Fetal hyperinsulinaemia can lead to cardiac hypertrophy through increased synthesis and deposition of fat and glycogen in the myocardial cells.16 Most neonates are asymptomatic, however, 5–10 per cent develop respiratory distress, signs of poor cardiac output or cardiac failure. Chest x-ray may show cardiomegaly and echocardiograph is diagnostic. Cardiomyopathy is transient, resolving with normalisation of plasma insulin levels,17 therefore, management is supportive (intravenous fluids, propranolol).
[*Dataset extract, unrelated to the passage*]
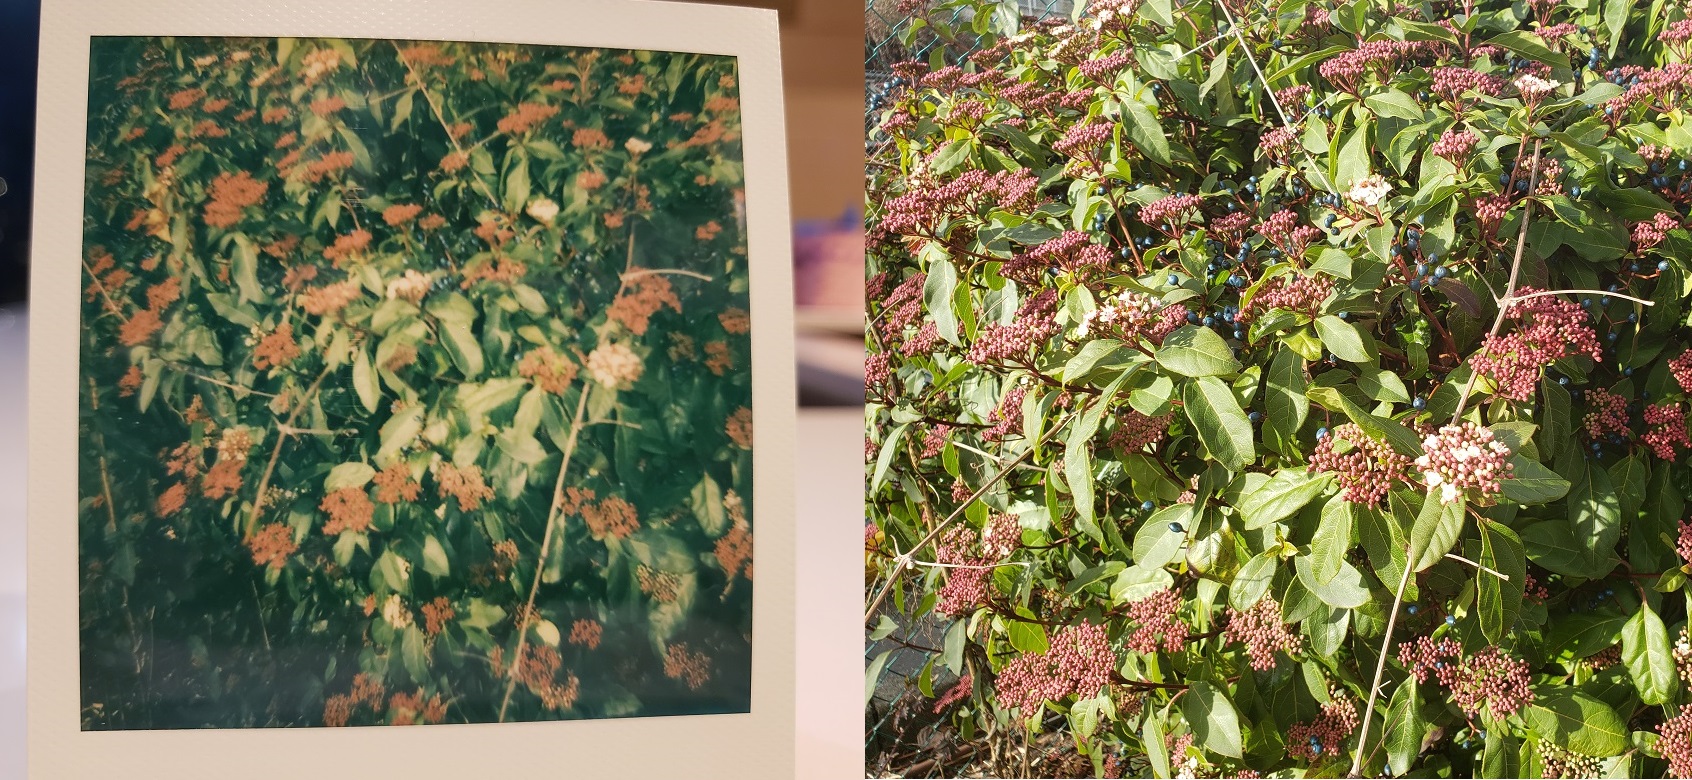 image of a Polaroid photos of colourful bushes next to the same photo taken with a digital camera

Polycythaemia and low iron stores
Polycythaemia, defined as a haematocrit of greater than 0.65 per cent, is thought to be a result of chronic fetal hypoxaemia and oxidative stress, leading to increased erythropoietin concentrations. Iron is believed to shunt into the red cell mass, resulting in low iron stores. The haematocrit should be measured within 12 hours of birth. Most polycythaemic infants are asymptomatic and can be managed supportively with careful monitoring of hydration status and glucose levels. Symptomatic infants, or those with severe polycythaemia, may require intravenous hydration or partial exchange transfusions.18 Iron supplementation is not recommended, as iron reutilisation occurs after the breakdown of the red cell mass.
While most complications in infants of diabetic mothers are managed successfully in the neonatal period, there is evidence that prenatal exposure to hyperglycaemia can result in long-term metabolic and possibly neurodevelopmental complications. Ongoing follow up is required.
Infants of diabetic mothers are known to be at increased risk for a variety of complications in the neonatal period, with increased mortality and morbidity, compared to infants born to non-diabetic mothers. Management should focus on good prenatal care and early identification and treatment of complications.